Oh, sure she liked boys but they were never as handy dandy with a hammer as she was. She could drive a nail into a board, and she could drive it straight. When she went into high school, she joined the drama club. Her drama teacher was sure she had the goods to be a set designer par excellence.

After high school, she let go of her dream. Her mother convinced her that life was too scary. She had to make a living, everybody told her. So she went off to nursing school and became a nurse. It was the easy way out. Dreams were risky, and they were scary. The closest she came to Broadway was the Community Theater.

Now she was in her early thirties. She finally had her education loans paid off. It had been a hard scrimp. She saved and lived with her parents to do it.

Seeing her niece one day made up Denise’s mind. It was now or never. She decided it was time to grow up and prove she had the goods. Be the woman she was meant to be.

On her last night at home, she and her mother had a fight. The next morning her mother didn’t come down to wish her good luck. But her father gave her a ride. In the car, her handed her $1000. “Just in case,” he said.

She wanted to cry but she didn’t. She pushed back her tears.

“Call me at the office if you need help,” her father said. At one time, he’d had dreams. He had not had the courage to pursue them. So he knew what his daughter was doing and how hard it was. But it was the right thing to do.

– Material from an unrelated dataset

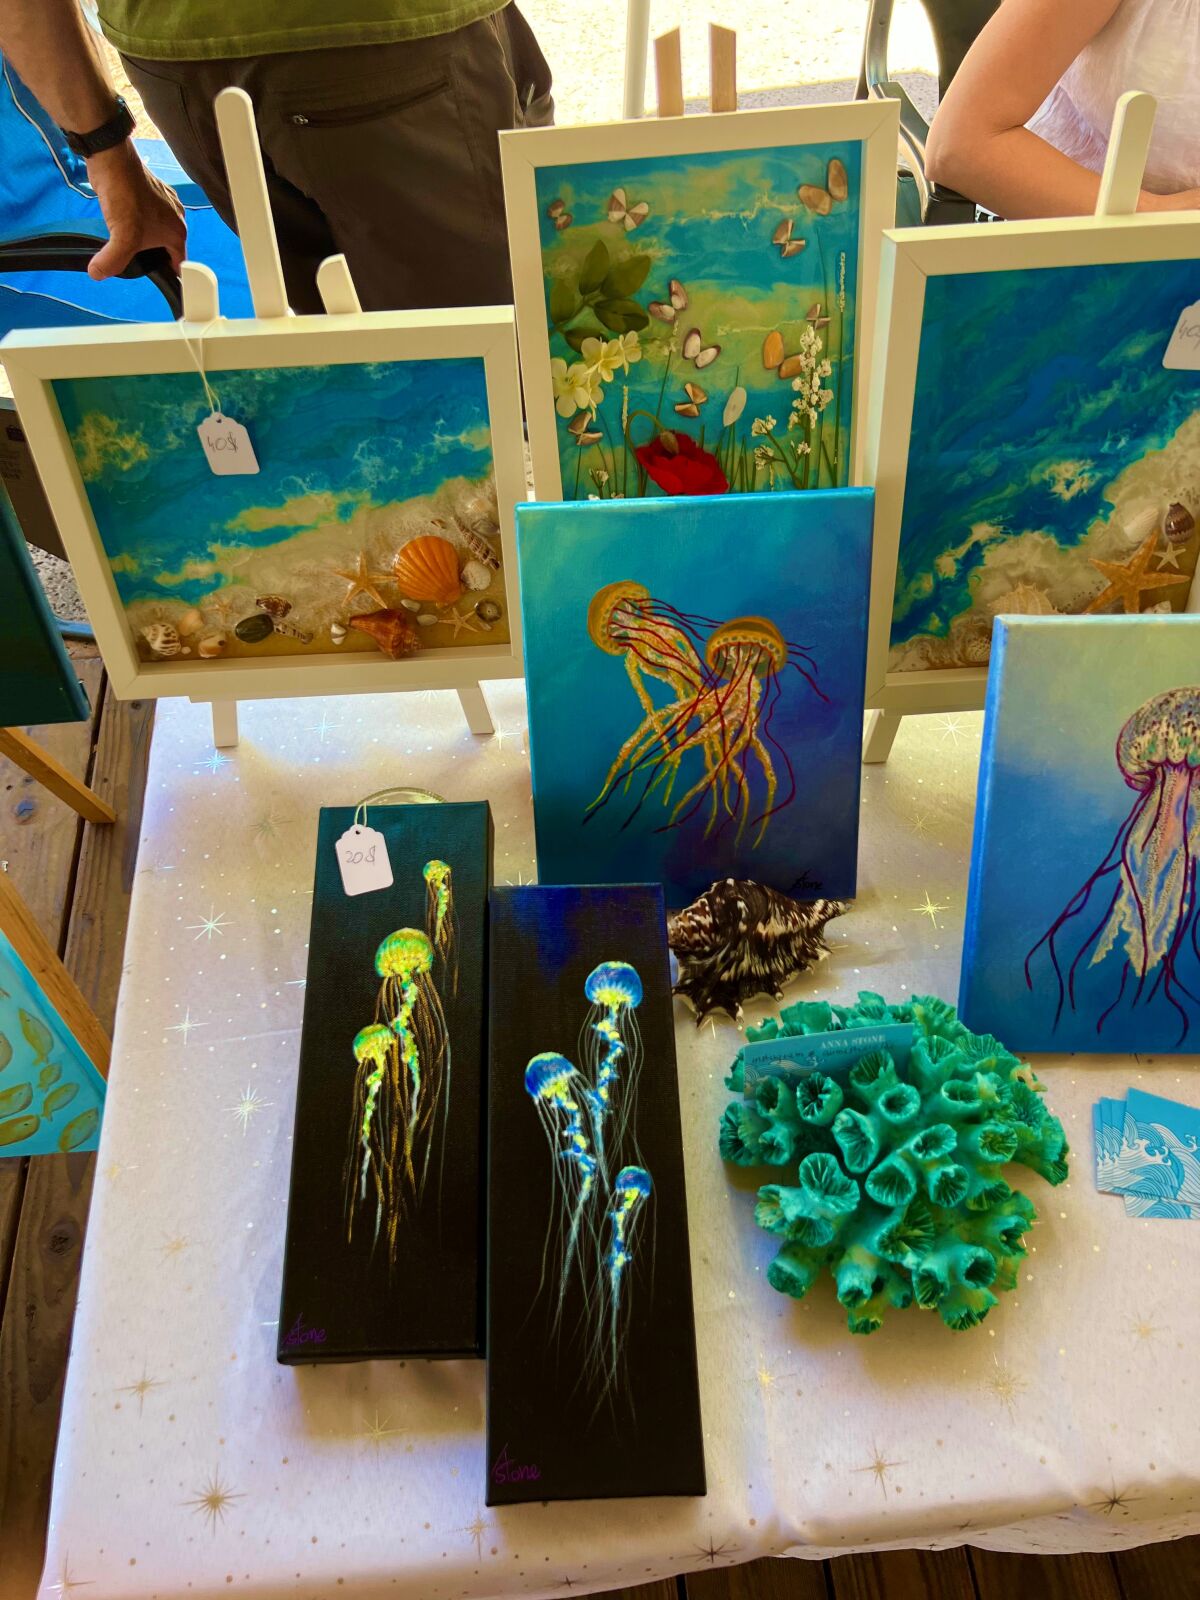 Paintings by Anna Stone at Saturday's Artisan Market.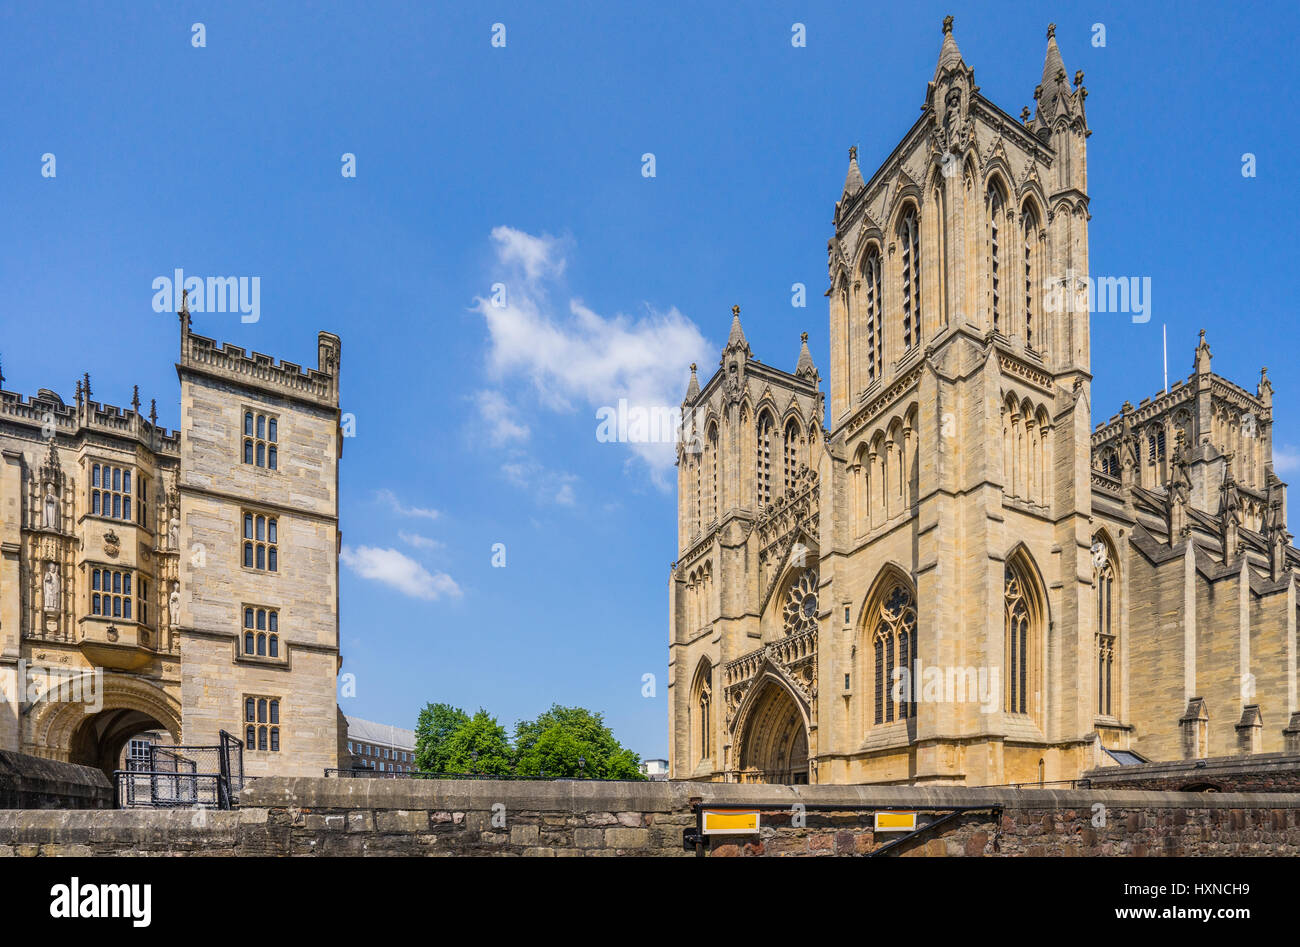 United Kingdom, South West England, Bristol, view of Bristol Cathedral and the Great Gatehouse Stock Photo

They pulled up at the bus station and went inside. Her dad bought the ticket. It was a round trip ticket just in case. Denise refused it. So her dad paid for a one-way ride to the big city. Then they hugged.

He left her sitting on a bench waiting for the bus.

“Man, I can do it,” she told herself, caught the bus and left town. As she rode the bus, she thought about all the stages of her life. That was then. Now she had the future ahead of her. She was thirty-two and just starting. And she realized that it is never too late to pursue her dreams.